My timelines on TAI / HLMI / 10x GDP growth are a bit longer than the BioAnchors report, but a lot of my objections to short timelines are specifically objecting to short timelines on rapid GDP growth. It’s obvious after reading this that what we care about is x-risk timelines, not GDP timelines. Forecasting when x-risk might spike is more difficult because it requires focusing on specific risk scenarios, like persuasion tools or fast takeoff, rather than general growth in AI capabilities and applications. I’m not immediately convinced that x-risk timelines are shorter than GDP timelines, but you make some good arguments and I’d like to think about it more.
This strengthens an argument I’ve been making career decisions based on: People should work on what will be valuable in specific, high-risk, short timelines scenarios, rather than what’s valuable in the most likely scenario. For example, persuasion tools might not be where the bulk of AI risk over the next 100 years comes from, but if true its PONR could be very soon, meaning people today are the only ones who can work on it. This wouldn’t make sense if you think we’re already doomed in short timelines scenarios, or if you think the bulk of risk comes from problems a few decades away that will take a few decades to solve. But that’s not me.
I’d like to think about this as a distribution. Maybe we care about the probability of x-risk over time, and the most important time is not the date of human extinction, but the span of time during which x-risk is most rapidly rising. This probably runs into messy problems with probability and belief: it somewhat assumes a true underlying probability of x-risk at any given point, not subject to an individual observer’s beliefs but depending only on uncertainty about future actions we could choose to take. Is there a way to make this work, framing PONR as a distribution rather than a point in time?
I’d like to publicly preregister an opinion. It’s not worth making a full post because it doesn’t introduce any new arguments, so this seems like a fine place to put it.
I’m open to the possibility of short timelines on risks from language models. Language is a highly generalizable domain that’s seen rapid progress shattering expectations of slower timelines for several years in a row now. The self-supervised pretraining objective means that data is not a constraint (though it could be for language agents, tbd), and the market seems optimistic about business applications of language models.

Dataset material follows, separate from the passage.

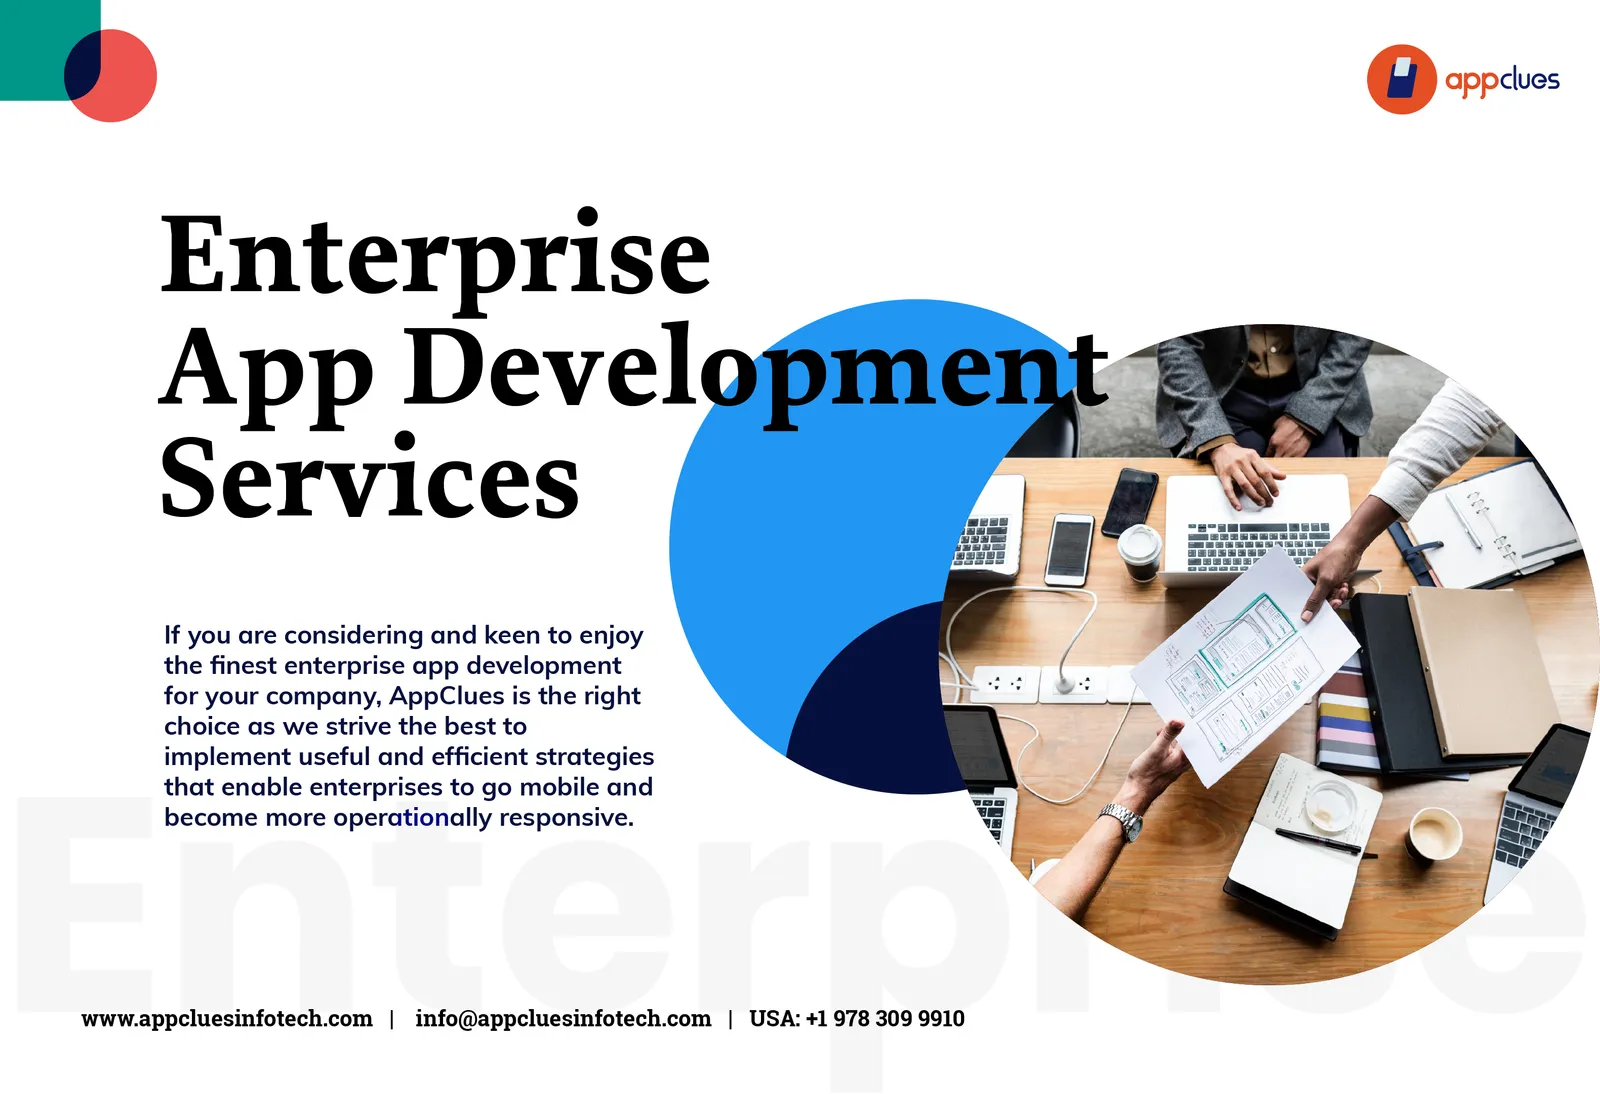 Top Enterprise Mobile App Developers in the United States

While I would bet against (~80%) language models pushing annual GDP growth above 20% in the next 10 years, I strongly expect (~80%) risks from AI persuasion to materialize (e.g. becomes a mainstream topic of discussion, influence major political outcomes in the next 10 years) and I’m concerned (~20%) about tail risks from power-seeking LM agents (mainly hacking, but also financial trading, impersonation, or others). I’d be interested in (and should spend some time on) making clear falsifiable predictions here.
Credit to “What 2026 Looks Like” and “It Looks Like You’re Trying To Take Over The World” for making this case well before I believed it was possible. I’m also influenced by the widespread interest in LMs from AI safety grantmakers and researchers. This has been my belief for a few months, as I noted here, and I’ve taken action by working on LM truthfulness, which I expect to be most useful in scenarios of fast LM growth. (Though I don’t think it will substantially combat power-seeking LM agents, and I’m still learning about other research directions that might be more valuable.)